In the period of time (that spans through a number of years) where Microsoft takes the risk of introducing new file formats, CIO could decide to just as well switch to an alternative Office suite for a fraction of the budget. Microsoft knows it very well, hence the media blitz. Hence the characterization of the alternative Office file formats such as ODF as simplistic. Simplistic is supposed to mean : not backwards compatible. That is what CIOs understand, and that is FUD.

In this period of time, Microsoft wants to minimize the ratio of organizations switching to an alternative Office suite. To Microsoft Office, OpenOffice is Netscape. This is not a problem anymore when the new "OOXML" file formats reach critical mass. We are not there yet, but that's the plan : dry the competition as much as possible, which includes fake activities such as starting so-called open source projects. Something that is not exactly music to CIOs' hears, why should CIOs care? It's the opposite. When a CIO hears "open source project", he understands something other than backwards compatible, therefore unreliable stuff. The decision is a no brainer then.

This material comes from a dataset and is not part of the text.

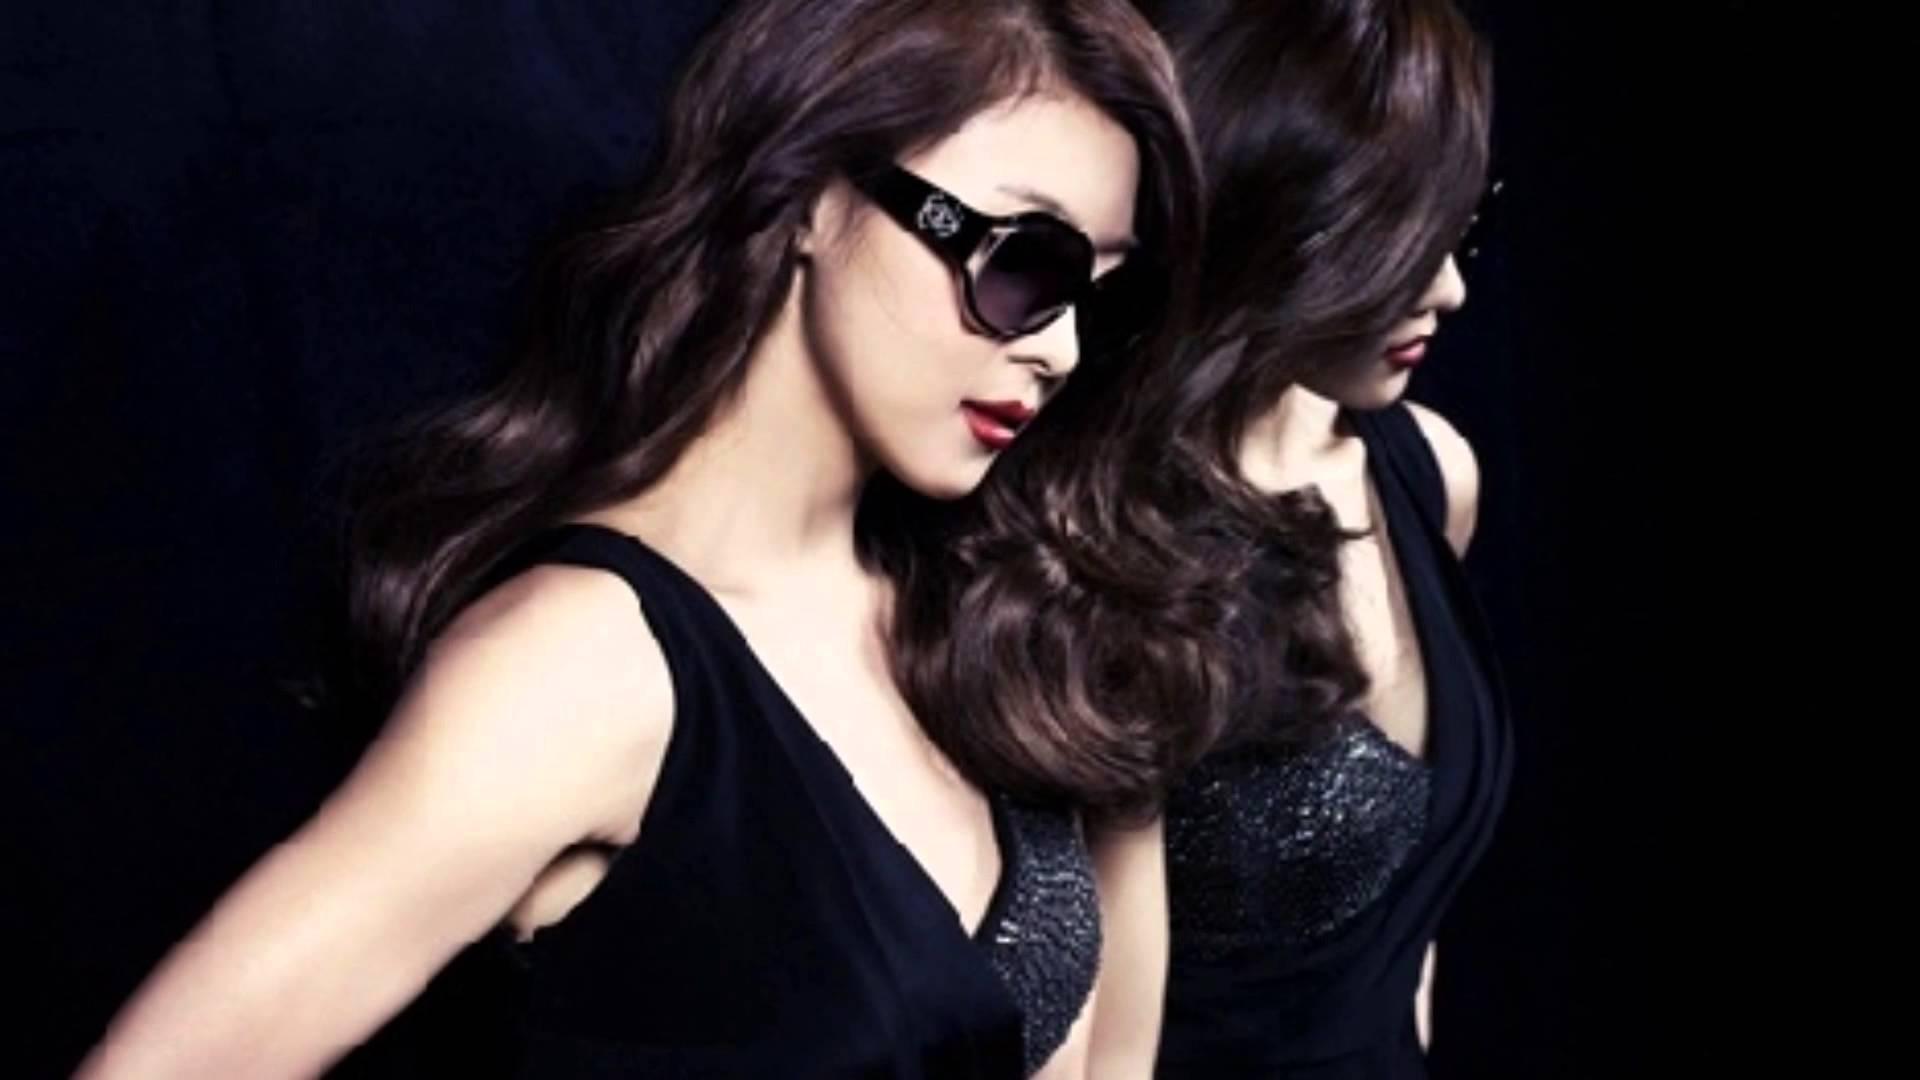 صور ممثلات كوريات , اجمل ممثلة كورية و رائعة

So what we are talking about here is a well orchestred media communication targeted to CIOs, not software developers. Until you get that, you don't understand.

The consequences of this attitude

Now that we know that Microsoft is not interested in building a modern Office document model (after all, there is already an international ISO/IEC standard for that : ODF), it gets easier to understand why OOXML is such a mess.

It was recently brought up from people with vested interests in Office file formats that OOXML is a big mess :

  • Rob Weir (IBM) : "The Disharmony of OOXML"

    FormatText ColorText Alignment
    OOXML Text <w:color w:val="FF0000"/> <w:jc w:val="right"/>
    OOXML Sheet <color rgb="FFFF0000"/> <alignment horizontal="right"/>
    OOXML Presentation <a:srgbClr val="FF0000"/> <a:pPr algn="r"/>
    ODF Text <style:text-properties fo:color="#FF0000"/> <style:paragraph-properties fo:text-align="end" />
    ODF Sheet <style:text-properties fo:color="#FF0000"/> <style:paragraph-properties fo:text-align="end"/>
    ODF Presentation <style:text-properties fo:color="#FF0000"/> <style:paragraph-properties fo:text-align="end"/>

  • Henning Brinkmann (OpenOffice contributor) : "OOXML Import In Writer: A Shape Is a Shape, Is a Shape?"

    When we started importing shapes from OOXML the Impress team already was able to import some shapes from OOXML files produced by PowerPoint 2007. This is DrawingML as described in chapter 5 of the Markup Language Reference for OOXML. But, if you use Word to insert a rectangle into a Word document (DOCX), you end up with VML as described in chapter 6 of the Markup Language Reference for OOXML. The Markup Language Reference tags VML as a deprecated format in OOXML, which is only included to the standard for backward compatibility reasons. Despite, Word 2007 uses VML to store shapes. (...) OOXML seems to be designed with the application model in mind. There may be different syntaxes for the same semantics, if it fits the already present application model better. But, if you want to create an alternative implementation for the format, this introduces additional effort.

Fire and motion, anyone? I also gave a few examples of that as well in my introductory OOXML is defective by design article where I showed that Excel SpreadsheetML uses no less than 6 ways to do basic text formatting, for no reason. If you do anything meaningful with those files, you need to implement both, which clearly means you'll be spending years doing so instead of concentrating on your own business.

For anyone except Microsoft, it's fire and motion and it guarantees there won't be a substantial implementation of file formats before a number of years. That is exactly the same thing than the strategy behind with older Microsoft Office formats.

Note that Microsoft claims a number of third-parties applications support OOXML. But they never go into details such as how much support there is. For a reason that is trivial.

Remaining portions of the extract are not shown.